Enchanters and enchantresses typically practice a type of imbued magic that produces temporary effects on people but that may linger on objects. For example, this could include enchanting a weapon or tool to be more (or less) effective, enchanting a person or object to have a changed shape or appearance, creating illusions intended to deceive the observer, compelling a person to perform an action they might not normally do, or attempting to charm or seduce someone. For instance, the Lady of the Green Kirtle in C. S. Lewis's The Silver Chair is an enchantress who can transform herself into a large green serpent. She also enchants Rilian, compelling him to forget his father and Narnia. And when that enchantment is broken, she attempts further enchantments with a sweet-smelling smoke and a thrumming musical instrument to attempt to baffle him and his rescuers into forgetting them again.

===Sorcerer===
The term sorcerer has moved from meaning a fortune-teller, or "one who alters fate", to meaning a practitioner of magic who can alter reality. A female version of a sorcerer is a sorceress. They are also sometimes shown as able to conjure supernatural beings or spirits, or to "animate" inanimate objects, such as in The Sorcerer's Apprentice. Due to this perception of their powers, this character may be depicted as feared, or even seen as evil. Villainous sorcerers were so crucial to pulp fantasy that the genre in which they appeared was dubbed "sword and sorcery", where typically the hero (or anti-hero) would be the sword-wielder, thus leaving the sorcery for his opponent.

===Witch===
Witch (an often female practitioner of witchcraft) and wicked (an adjective meaning "bad, evil, false") are both derivative terms from the word, wicca (an Old English word with varied meanings, including soothsayer, astrologer, herbalist, poisoner, seductress, or devotee of supernatural beings or spirits).
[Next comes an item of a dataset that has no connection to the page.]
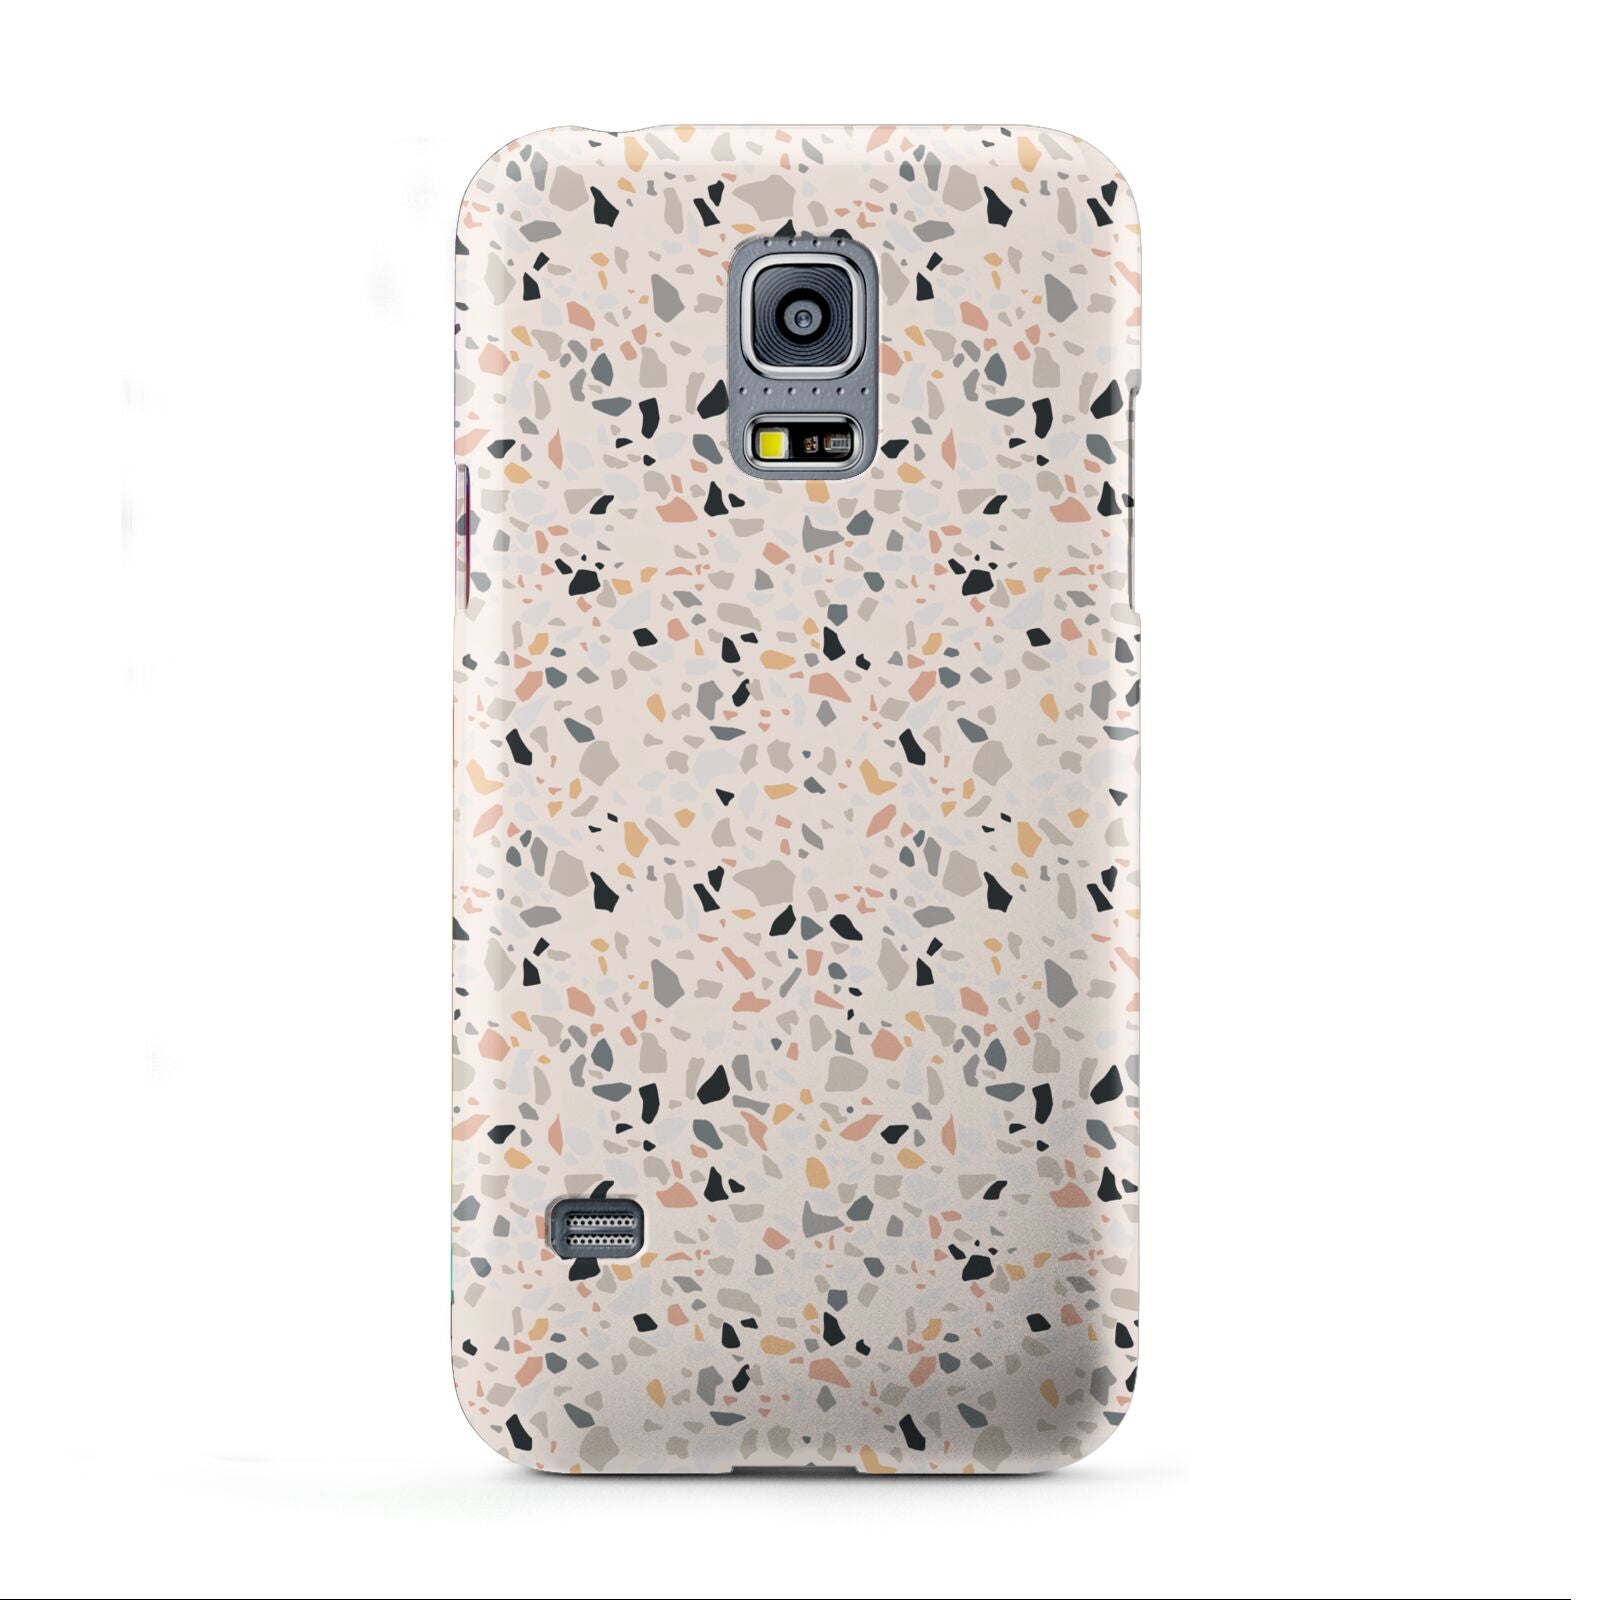 Terrazzo Stone Samsung Galaxy S5 Mini Case

L. Frank Baum combined these terms in naming the Wicked Witch of the West, and other witches in the Land of Oz. Baum named Glinda the "Good Witch of the South" in The Wonderful Wizard of Oz. In The Marvelous Land of Oz, he dubbed her "Glinda the Good," and from that point forward and in subsequent books, Baum referred to her as a sorceress rather than a witch to avoid the term that was more regarded as evil. While the term “Cunning Folk” is historically how magicians fitting the “good witch” archetype are addressed, modern fiction uses the term “witch” for malevolent, benevolent, and neutral characters alike. This is most notable in literature such as the Harry Potter book series by J. K. Rowling, where “witch” is used as the feminine form of “wizard”. Outside of Harry Potter, the term warlock is often used to denote a male practitioner of witchcraft.

===Wizard===
In medieval chivalric romance, the wizard often appears as a wise old man and acts as a mentor, with Merlin from the King Arthur stories being a prime example as well as also working for King Arthur as a court wizard (another word for court magician). Wizards such as Gandalf in The Lord of the Rings and Albus Dumbledore from Harry Potter are also featured as mentors, and Merlin remains prominent as both an educative force and mentor in the modern works of Arthuriana. While many fictions and literature often use the term "witch" as a feminine form of "wizard", a rare feminine term for a female wizard is "wizardess".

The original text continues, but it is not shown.